PART I of 4
Can White authors write characters of color? Close your mouth. That’s right, I said it. Being a hot topic with Black authors, and a rather not touch with a 10-foot pole topic for White authors, has made this the perfect subject for The Write DNA to touch basis on. I’ll specifically speak about the African-American character since I have personal experience in being one, and it seems to be a touchy subject with Black authors. Our media has a proven track record of showing a warped reality of what the Black culture is about; that is when it decides to show it at all. Which got me to thinking, “Can White authors write characters of color?”
Now I’ll warn you that this article is straight out and to the point, so I’ll ask that some of you try to keep your cool about you. Yet, I know that some of you will be too steamed to take a step back and be open-minded to listening and learning from my African-American journey and perspective in this field. And if you’re a non-author of color and you feel that way, you’ve already failed step one to writing characters of color. Whether you’re a White author or an author of color for that matter, you’ll either use this to grow as an author or an empathetic human being, or use this to feel like a victim, but either way, here we go.
For I’m smart enough to know,
that I’ve got room to grow.
We’ll delve into a three-part series contemplating the question of White authors writing characters of color. The question shouldn’t really be, can White authors write characters of color? I mean, everyone in America is free to write what they want (so far). The question we’ll be discussing is really if White authors can write characters of color well.

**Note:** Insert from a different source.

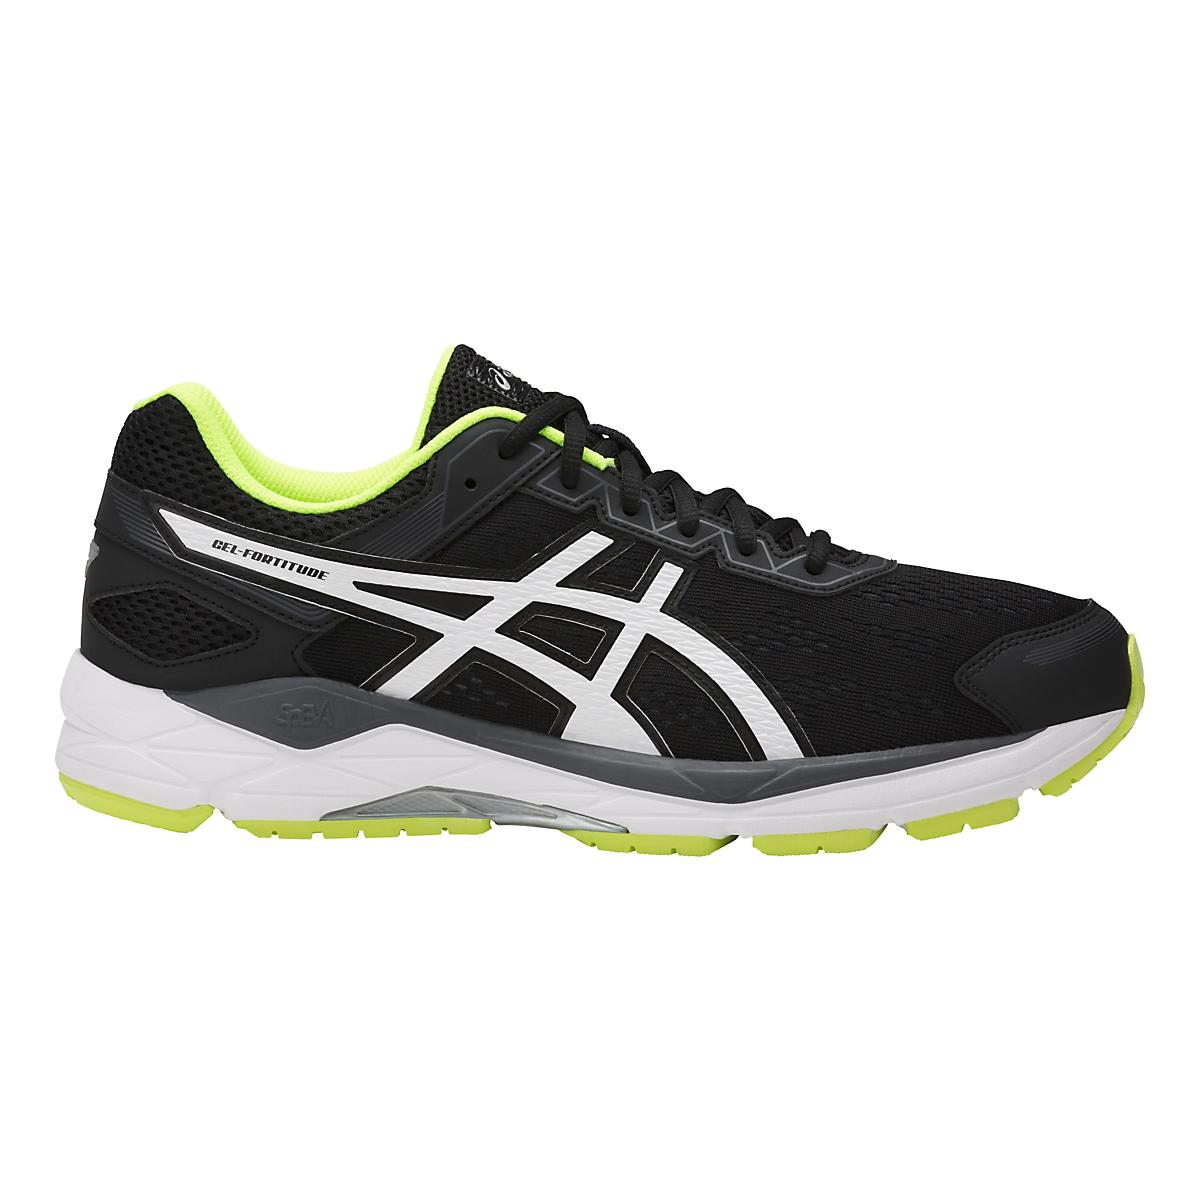 Chaussure Road de course pour à Sports pied ASICS GEL Fortitude 7 pour homme chez Road Runner Sports 37ca4df - wisespend.website

When authors haven’t lived a substantial amount of time engrossed within another culture, to develop a character of color, they’ll need to ask a lot of questions before even getting it half right. Authors research so diligently, whether they are writing about an occupation or location, be it Paris, London, or even the cabin by the lake. But when it comes to other cultures, I’m not sure that they will. Why? Because our American breeding has brainwashed us into a false erudition of believed and not true-to-life cultural facts about one another, yes, each other. Basically giving us the arrogance to think we already know.
Racism in America has damaged us all. It is an epidemic some don’t even know that they’re infected with on one level or another. How can one not be with it being pushed through our workplace, through television, and books? It negatively affects our viewpoints and perspectives. Some of you will see this article as a perfect exemplification of what I’m saying to you today. But guess what? Because I’m conscious and aware of how my world has broken me, I don’t disagree. And that’s what white authors will have to be mindful of if they hope to do an excellent job at writing characters of color. They’ll have to master the skill of having both confidence and humility within the same space to make it happen successfully.
We’ll continue the discussion on Can White Authors Write Characters of Color in the upcoming weeks. We’ll pursue the marginally diverse publishing Industry and the prejudices of labeling things like Women’s Fiction and the African-American book section and how that plays a role in or discussion. I’ll also share with you my experience in having a best friend who’s Korean and how it relates to the subject at hand when we return with part II this month.
Until then, be thoughtful, empathetic, and kind to others. And always remember, I’m never being mean to you; I just may not be telling you what you want to hear. No one grows without first being uncomfortable.